Input data Start Marker
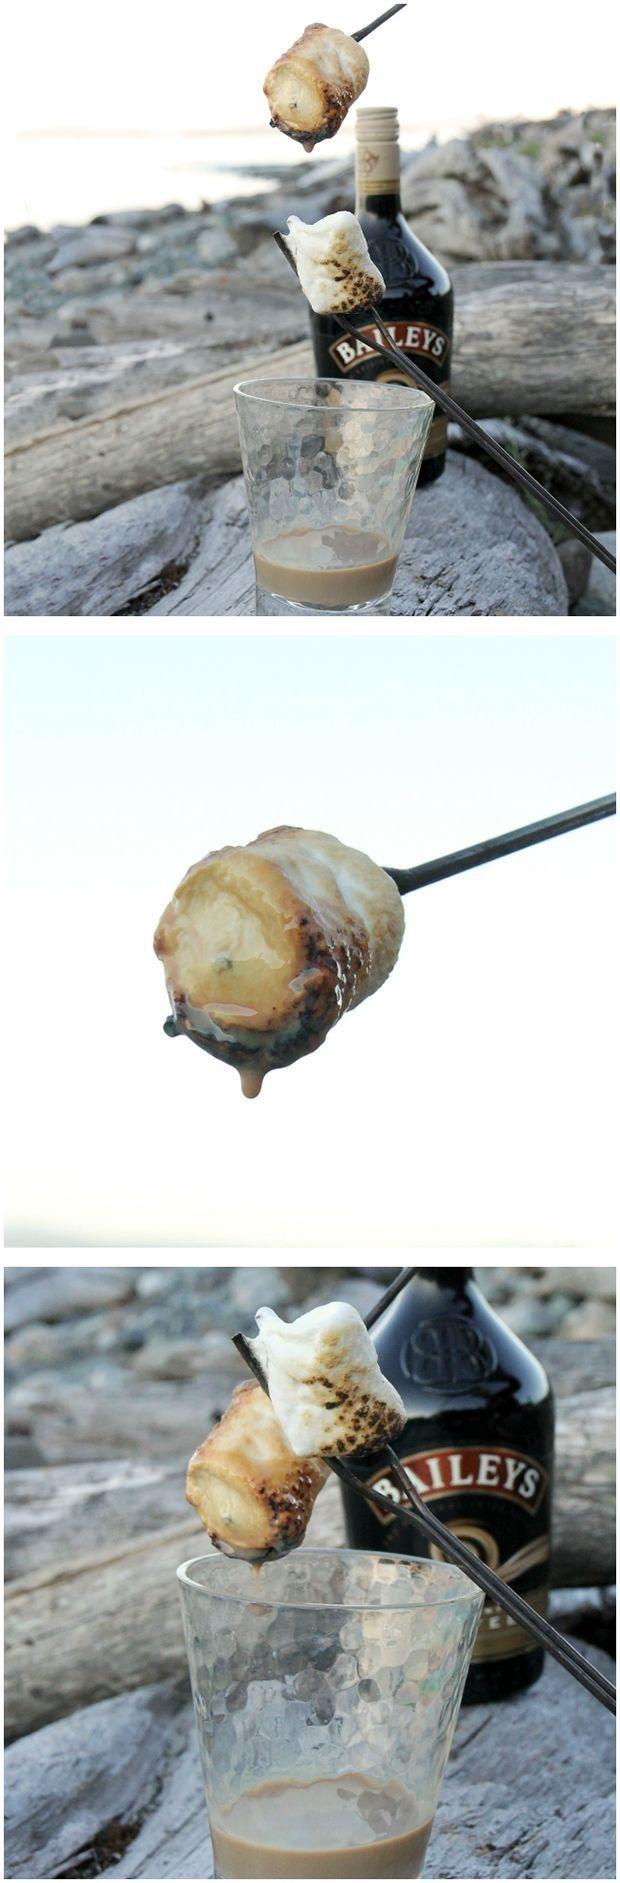 Jawel, marshmallows roosteren kan het hele jaar door.... Kijk voor een leuke vuurkorf snel op www.vuurkorfwinkel.nl
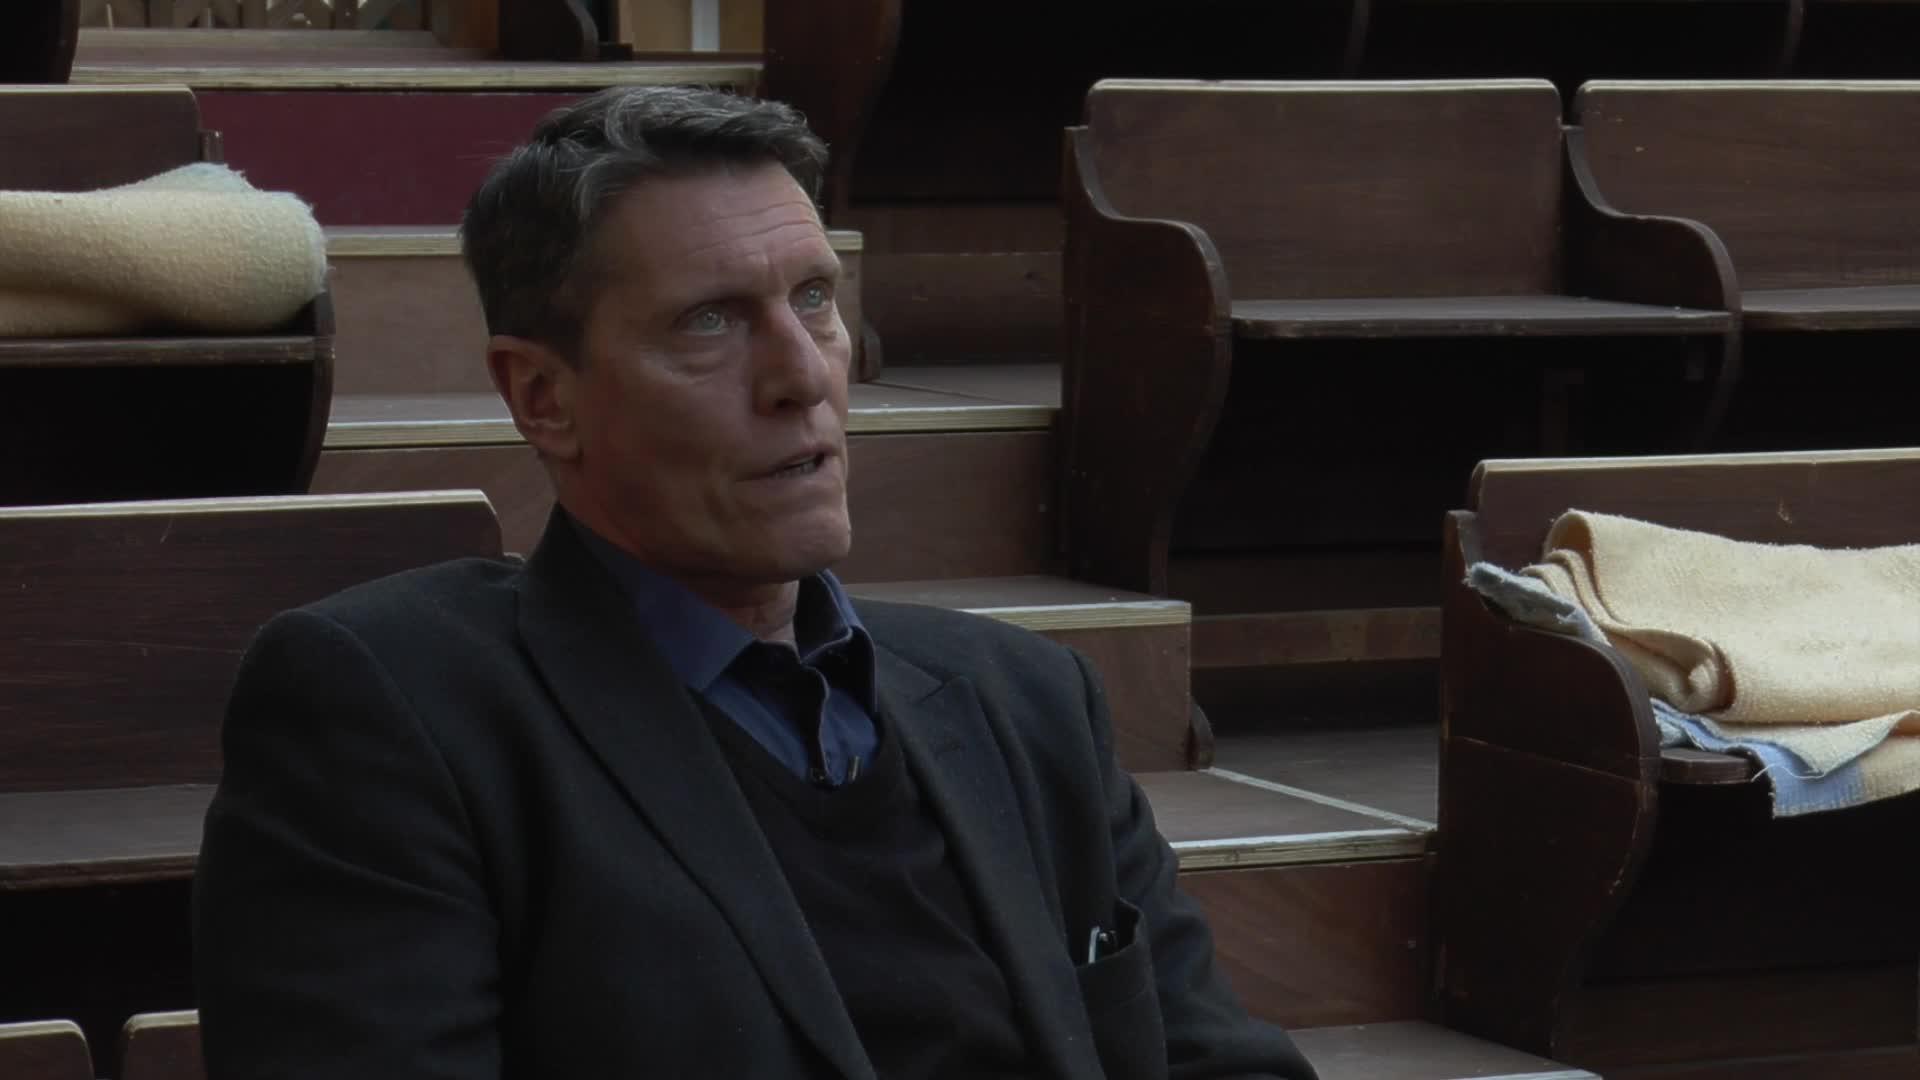 """Vidéo """"Le Crépuscule"""" - Lionel Courtot - Entretien avec Philippe Girard et John Arnold"""
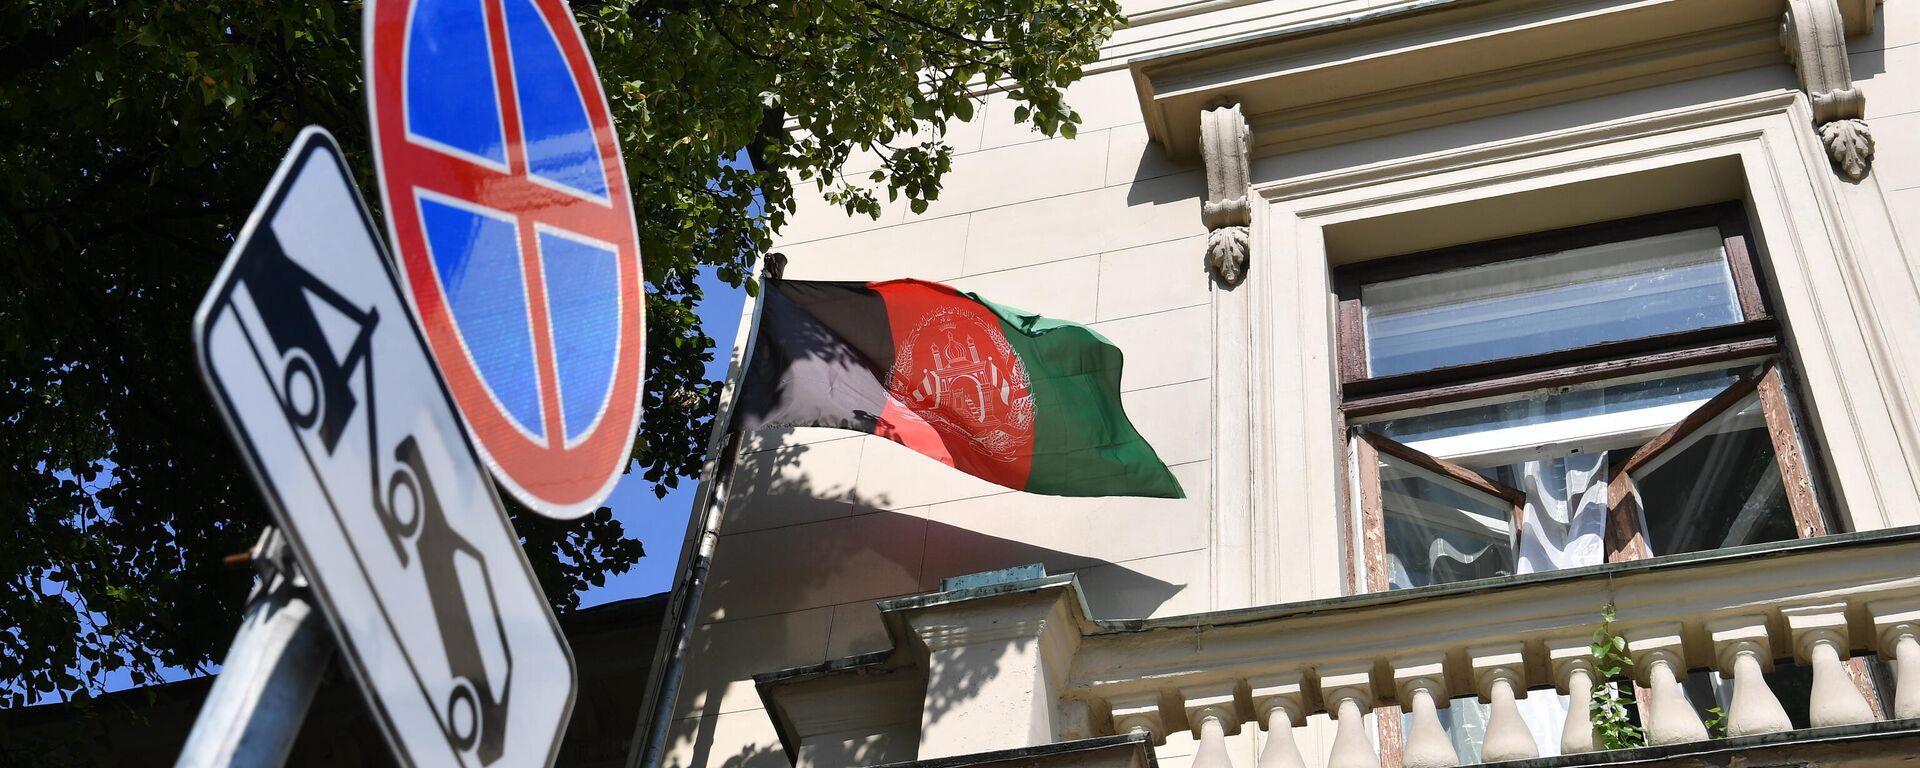 Посольство Афганистана в Москве - Sputnik Тоҷикистон, 1920, 11.10.2021
Input data End Marker
Work instruction:
With the pictures removed, return the full listing exactly as given.

Solution for this problem:
 Jawel, marshmallows roosteren kan het hele jaar door.... Kijk voor een leuke vuurkorf snel op www.vuurkorfwinkel.nl
 """Vidéo """"Le Crépuscule"""" - Lionel Courtot - Entretien avec Philippe Girard et John Arnold"""
 Посольство Афганистана в Москве - Sputnik Тоҷикистон, 1920, 11.10.2021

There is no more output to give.